In Abarca Mitchell's 30s, after a performing career that took her from DTH to the film version of The Wiz to Bob Fosse's Dancin' and beyond, her husband's job took their family to Atlanta. She soon connected with Gilreath and Waverly Lucas. The couple, also DTH alumni, were influenced by Arthur Mitchell's model when they founded Ballethnic, seeking to create access for dancers of all backgrounds to develop as classical dancers and perform a repertoire that represents the company's culturally diverse home city. Over time, Abarca Mitchell became a trusted advisor.

Abarca Mitchell goes in at least twice a year to coach Ballethnic's productions—such as Urban Nutcracker, set in Atlanta's historically Black Sweet Auburn neighborhood, and The Leopard Tale, which features the company's signature blend of classical pointe work with polyrhythmic dance forms of the African diaspora. These final rehearsals give Abarca Mitchell a way to fast-track the transfer of her mentor's values.

Two dancers in blue and black practice clothes and face masks, the woman in pointe shoes, pose together in a first arabesque tendu.

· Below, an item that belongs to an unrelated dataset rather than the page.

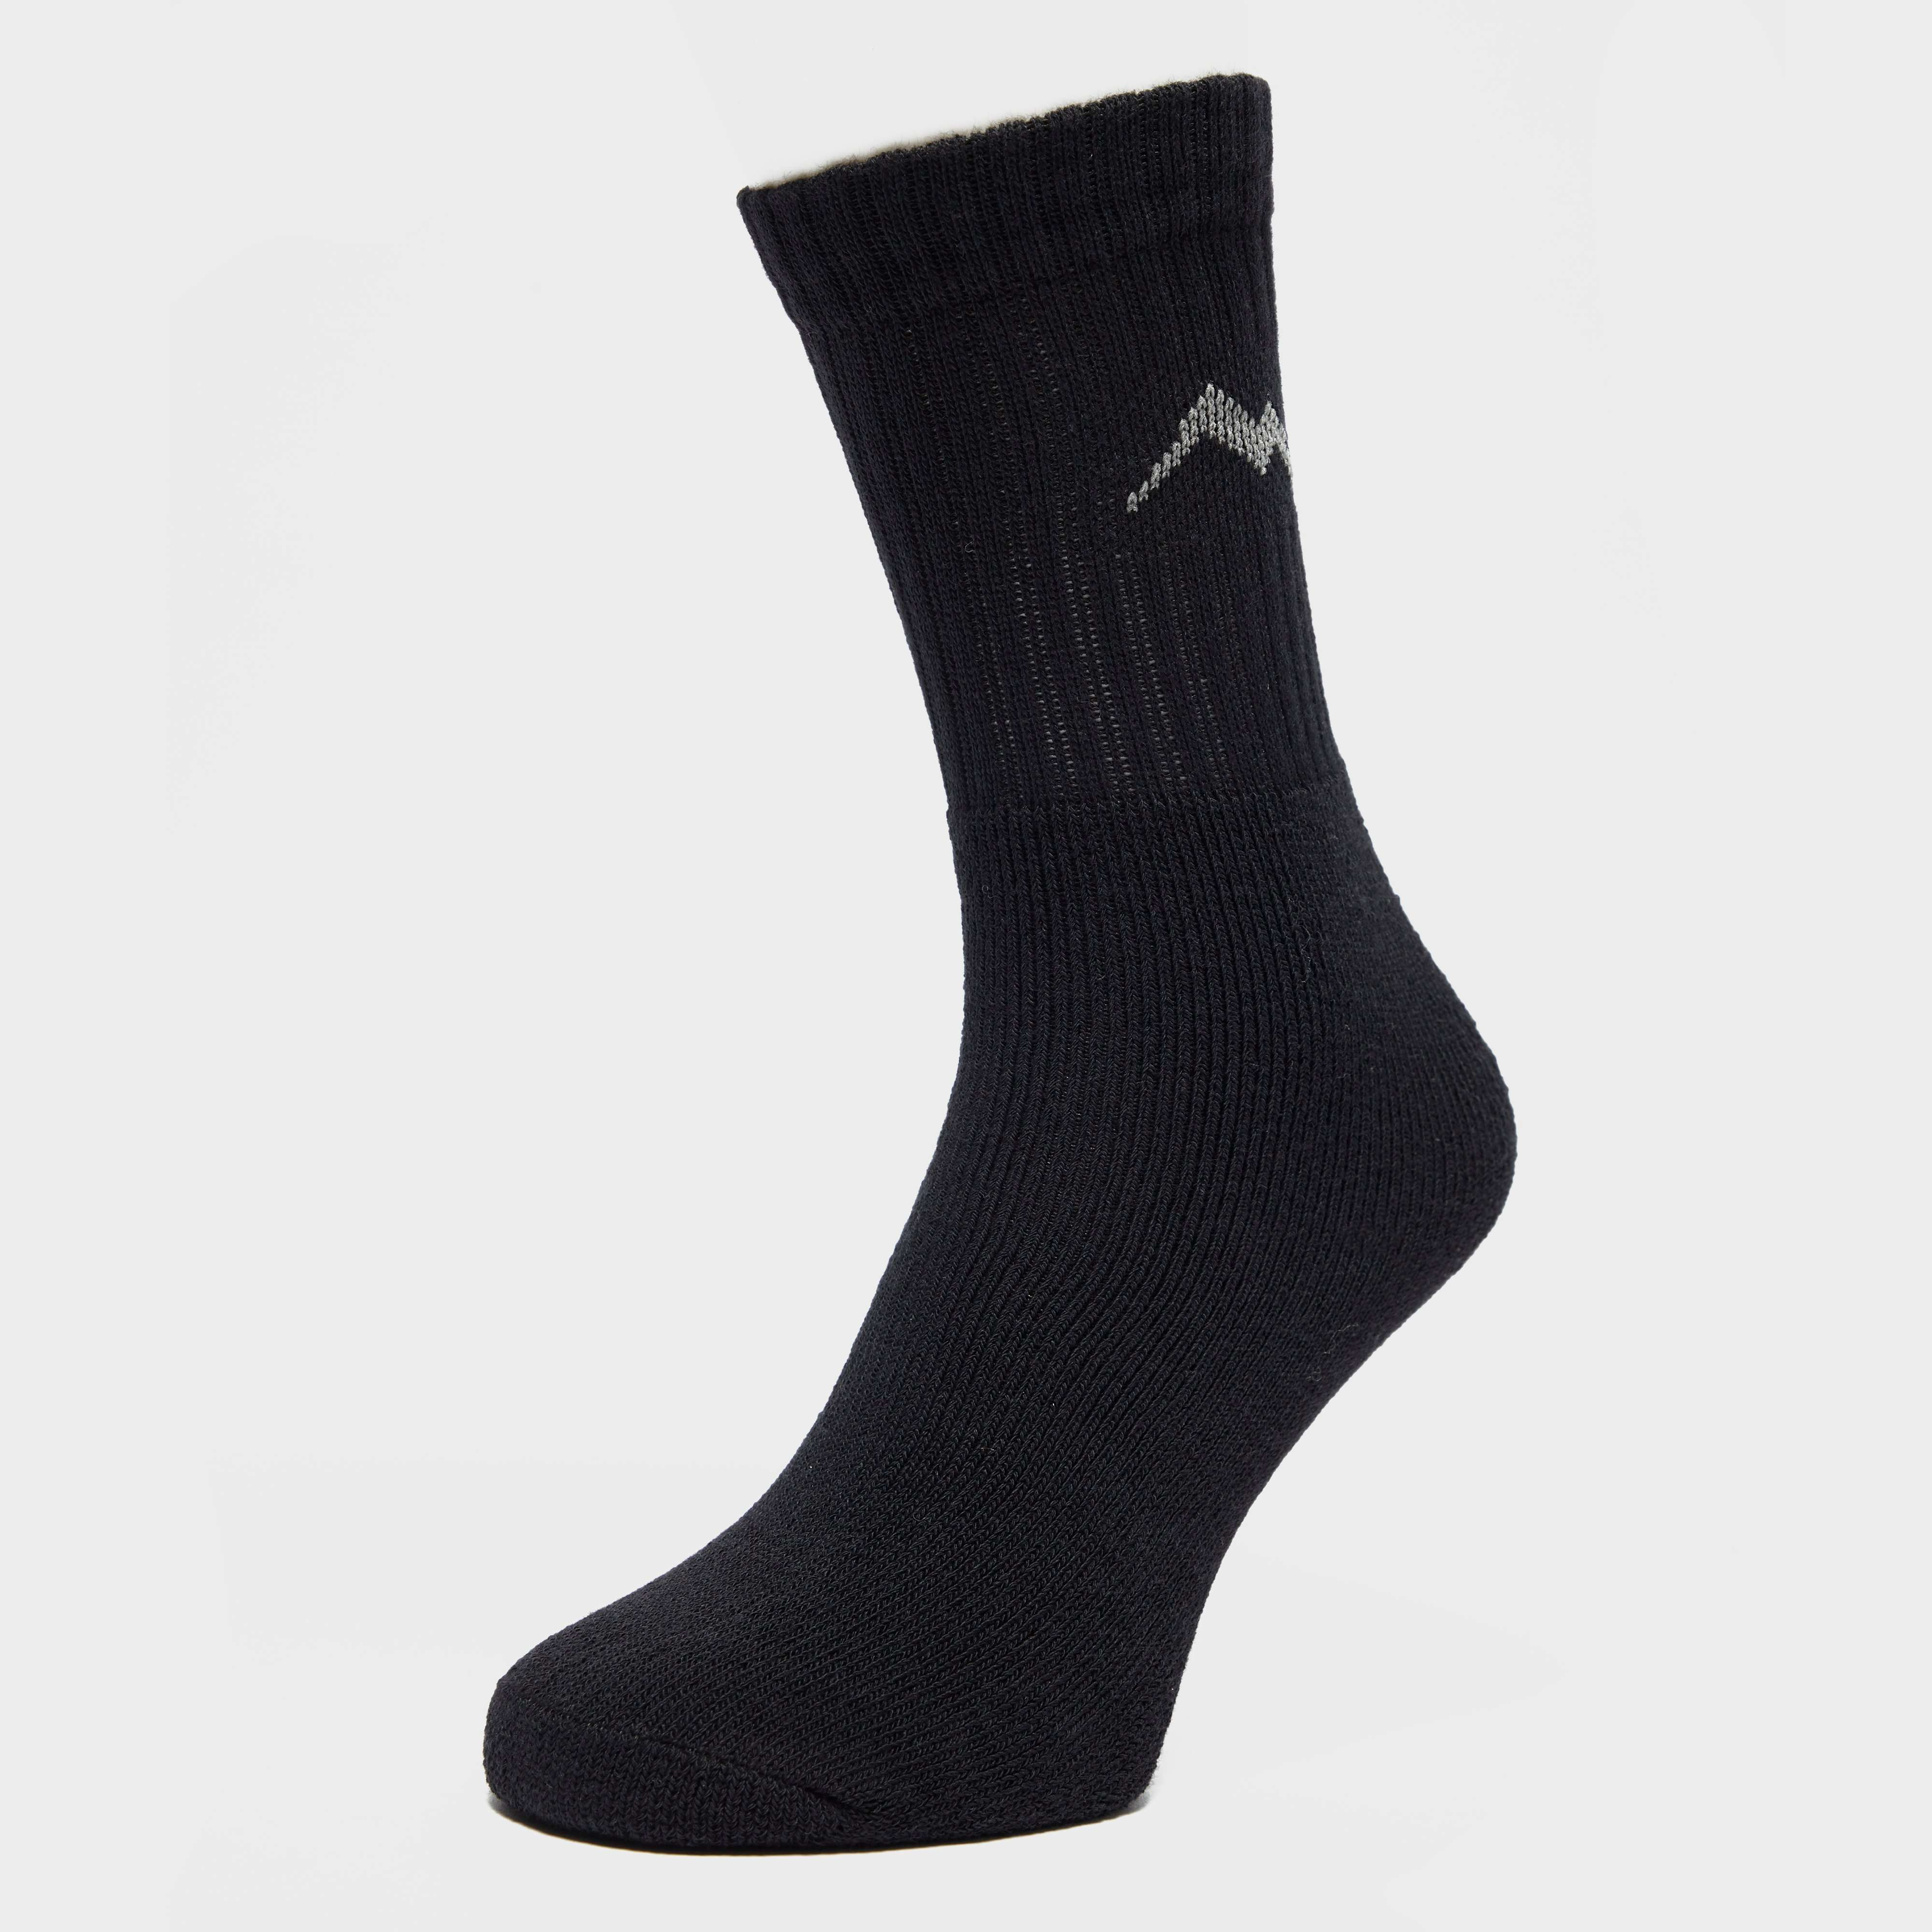 PETER STORM Men's Multi Activity Sports Sock - 3 Pack

Abarca Mitchell steps out of a mirrored pose as she adjusts the fingertips of the male dancer.

Lydia Abarca Mitchell works with Ballethnic's Calvin Gentry and Karla Tyson.

Courtesy Ballethnic Dance Company

She recalls that Arthur Mitchell taught his dancers to present themselves at their finest—to enter a room with their heads held high and shoulders back—and to dress, speak and walk with dignity and self-respect. He reminded them that they were pioneers and ambassadors for Blacks in ballet. As the company gained international stature—Abarca Mitchell was the first Black female ballerina to appear on the cover of Dance Magazine, in 1975—he insisted the dancers remain humble and in service to the greater mission. But he was also a taskmaster. "No nonsense, no excuses," Abarca Mitchell says. "There was no slack. If he was rehearsing something that you're not in, you'd better be on the side learning it."

"He didn't throw compliments around at all. You had to really kill yourself to get a smile from him." After a run-through, she says, "you didn't want to be singled out."

Abarca Mitchell takes a slightly different approach, though she doesn't compromise on the values her mentor instilled. When coaching large casts of all ages and different levels for Ballethnic, she has found ways to inspire people without tearing them down. She calls it a "tough love" approach.

"I've got to make them want to do it. I don't want to beat them into doing it," Abarca Mitchell says. "I tell them, 'You're here because you want to be, and because you auditioned and were accepted. Now, show me why I should keep you here.'"

"I tell them, 'I'm here to make sure you'll look good—you know: 'That looks fake. Let's make it look real. Think about what you're doing, so that it's not just a gesture.'"

Arthur Mitchell instilled this level of emotional honesty in his dancers, and it was key to the company's quick success. "We were bringing a thought forward," says Abarca Mitchell. "We were bringing a feeling forward, so that the audience could connect with us."

In addition to her position as rehearsal director for Ballethnic, Abarca Mitchell is today part of 152nd Street Black Ballet Legacy, a group of DTH alumni who seek to give voice to people responsible for the company's success in its early years. "It's incredible," she says, "how many people took something from DTH and applied it to their lives."

As Ballethnic prepares to co-host the International Association of Blacks in Dance Conference and Festival in January 2022, Abarca Mitchell hopes to help strengthen the network of dance companies associated with Ballethnic, such as Memphis' Collage Dance Collective. "The dream is for all of us to collaborate with each other," she says, "so that it becomes more normal to see a Black ballerina, so it's not just a token appearance."

Today's young dancers face different challenges from what Abarca Mitchell faced. She finds that they're more easily distracted, and sometimes act entitled, because they don't know or appreciate how hard earlier Black ballerinas like herself worked to clear a path for them. But what she's passing on will benefit them, whether they choose to pursue dance careers or become doctors, lawyers, professors or something else entirely. "The principles are the same," she says. "Work for what you want, and you will achieve it."